Monday, February 22, 2010

Parenting Tip #2 - Time Out for Difficult Children

Before I share this particular parenting tip with you, we need to define what I mean by a 'difficult child.' Being a novelist, I can't do that without telling a story, so here goes.


In the late1960's my husband and I and our two sweet children lived in the Los Angeles area. We had a struggling business, so to take up the economic slack, I taught for several years in an elementary school that was located in a poverty pocket in an otherwise middle-class city. My own children attended the school where I taught, and each evening as we would drive home, I would grieve for the circumstances of my students.


My husband and I talked it over, and we decided if the opportunity arose, we would adopt an 'unadoptable' child, one that wouldn't have a chance for a happy, middle-class existence. It was to be our little mite at saving the world, one child at a time.


We were terribly naive. But, as often happens to simpletons, we got lucky. Or, at least, we got our wish. Before the year was out, we had another child. She was seven, had been a foster child for the five years since she was wrested from her negligent mother, and had been in several homes already. A fellow teacher had taught her in head start, and that's how I found out she needed a home.


This daughter came to us with a small paper bag of clothes but trunks, suitcases and duffle bags of emotional baggage. However, we wobbled along, thinking that love and structure would conquer all.


Love and structure conquered a lot. In fact, about five years later, things were going along so well that we thought we might try another rent-a-kid. We had a family council and talked it over, and the kids agreed. The state adoption worker kissed us on both cheeks and presented us with a seven year old boy.

The fact that he went to day classes at the regional mental hospital should have told us something, but his foster mother said he was teachable. Knowing that love and structure could conquer all, and having had success with our first rental, we said we'd take him. So we did.


And, it wasn't too bad. He was a sweet boy. He brought a suitcase full of clothes and a bicycle when he came, but the emotional baggage he brought was immense. He was the result of a fling his mother had with another man. She didn't leave her husband, and she waited until this son was six to give him up (there were five other siblings). During those six years he had landed in the hospital twice with parent-inflicted injuries. One day she simply took him to DSHS and said she didn't want him any more.


So, we wobbled along with that addition, too. Love and structure, you see, will conquer all, and I was the master of structure. My husband, Derrill, called me The Commandant. Sometimes the structure came easier than the love.


By the time a year had rolled around, things were going so well that we started thinking we were wonderful. We had the magic touch. Love and Structure R Us. Let's have another kid, only let's get one a little younger this time.


In no time at all we had a three-and-a-half year old boy.

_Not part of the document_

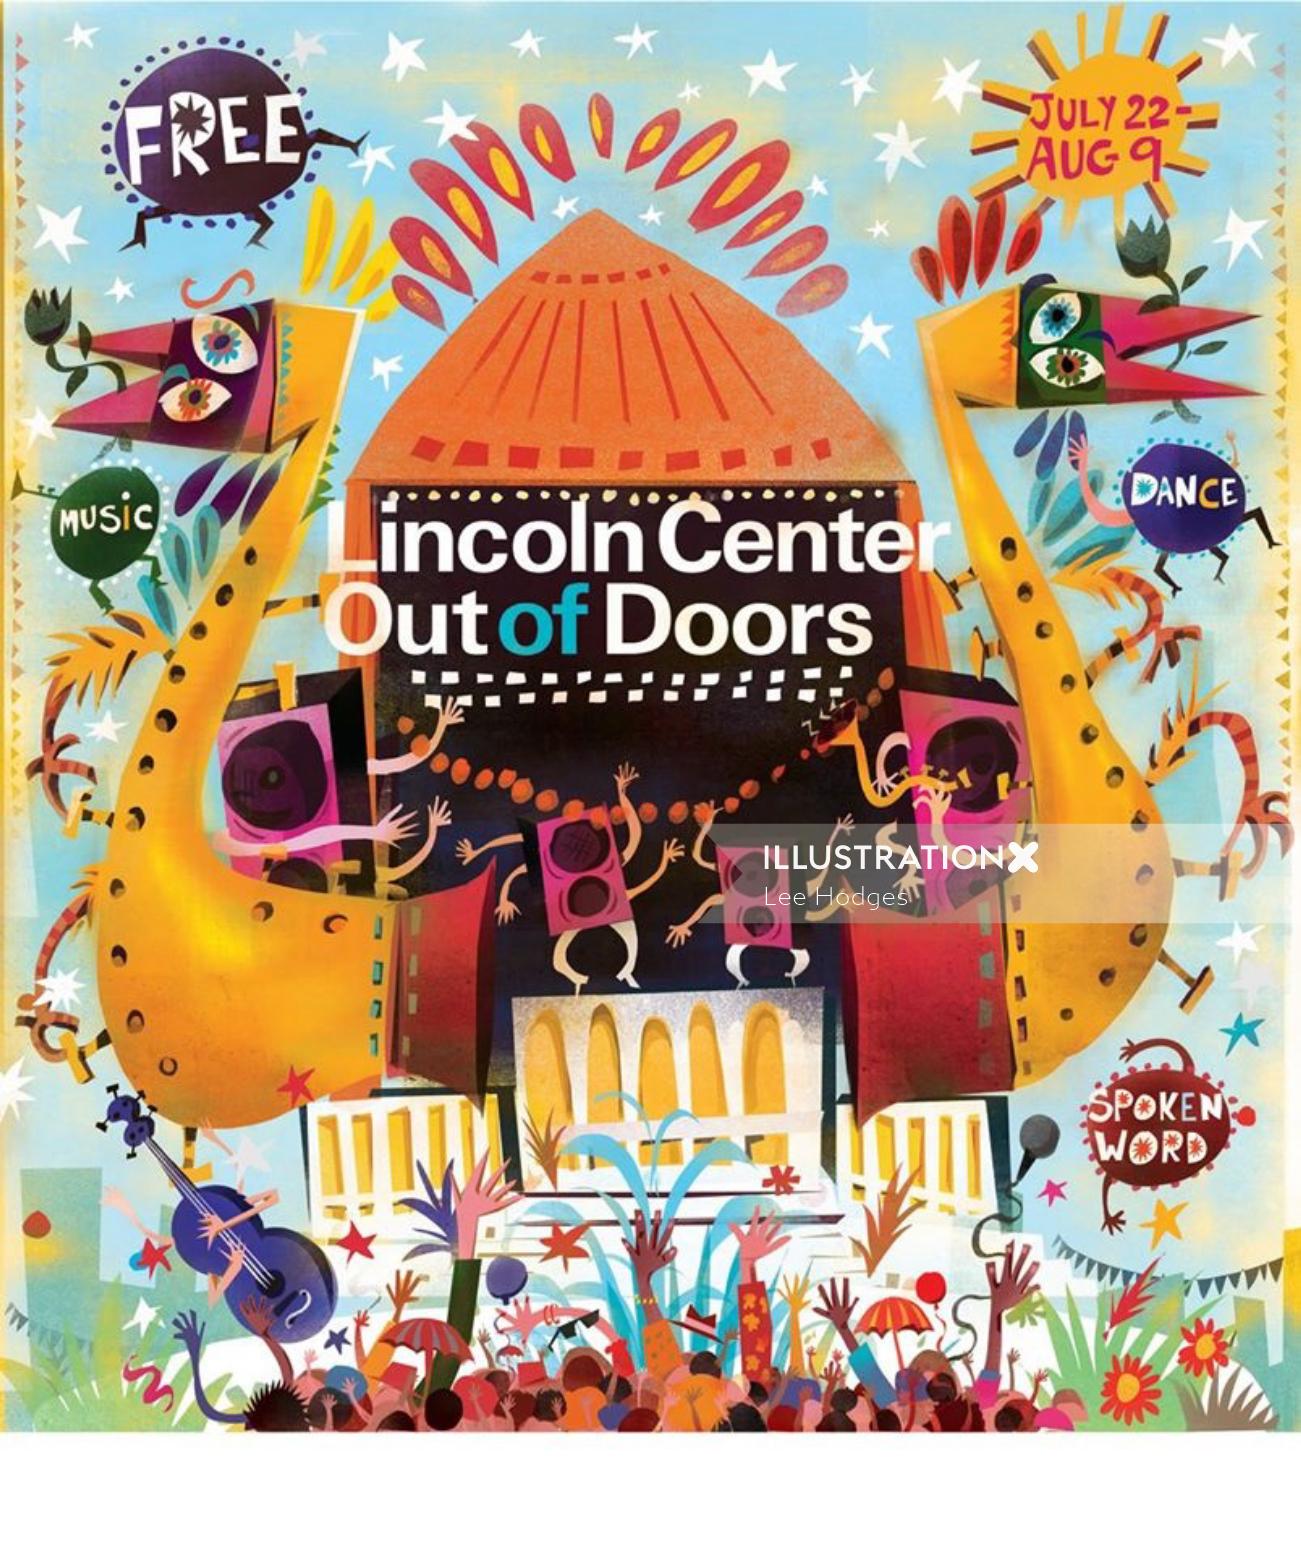 Lincoln out of doors free music festival

The adoption worker, the same one who had brought us our previous child, felt he was meant to be ours, and we thought so too. He had brown eyes, curly hair, and a dossier two inches thick. We said we knew what we were in for. We were prepared. Love and structure, after all, etc., etc.


We had some pretty good years until puberty hit first one and then another and knocked the props out of our love and structure thing. The emotional baggage all spilled open and there was no way to get everything folded neatly and put away again.


Our saving grace was our old farmhouse. As sturdy as it was ugly, it had one beautiful thing about it: nine bedrooms. Each of our children (seven by the time I was making use of this parenting tip, because we had two surprise cabooses after our last adoption) had his/her own bedroom, so I was able to send whichever of the children was acting out to his room for a time out.


There was a problem, though. Quite a few of the bedrooms were in the basement. There was also a family room down there with a TV in it, and I found that several times when one of the boys was sent to his room, he would go downstairs, slam the door, then sneak out and watch TV until I sent word that he could come up again.


It made me so mad that I had the desire to screw the bedroom door shut, or at least put a dead bolt on it. As satisfying as that would have been, it wasn't safe, so I did the next best thing. I taped it shut.


Now, the tape didn't do anything to hold the door closed. It simply let me know if the door had been opened during the period of banishment. There was no more sneaking out, because there was no way he could get back into the room, close the door, and replace the tape.


I knew I was onto something when I arrived a little early to a family counseling session and heard our therapist telling another parent about this time-out technique. I had shared it with her several weeks before.


I know none of you have difficult children. But, if you know someone who does, they might like to add this to their bag of tricks. I've got others I'll share as the spirit moves me.

3 comments:

elleskiles said...

thanks for sharing a peice of your journey. i have two stubborn and strong-willed kids. sometimes, they take turns, sometimes, they both come at me. tape is good.

Monique said...

Fabulous! thanks for sharing.

Liz Adair said...

Thanks for commenting, Michelle and Monique. Your children are all so sweet, I doubt you'll ever need to tape a door closed.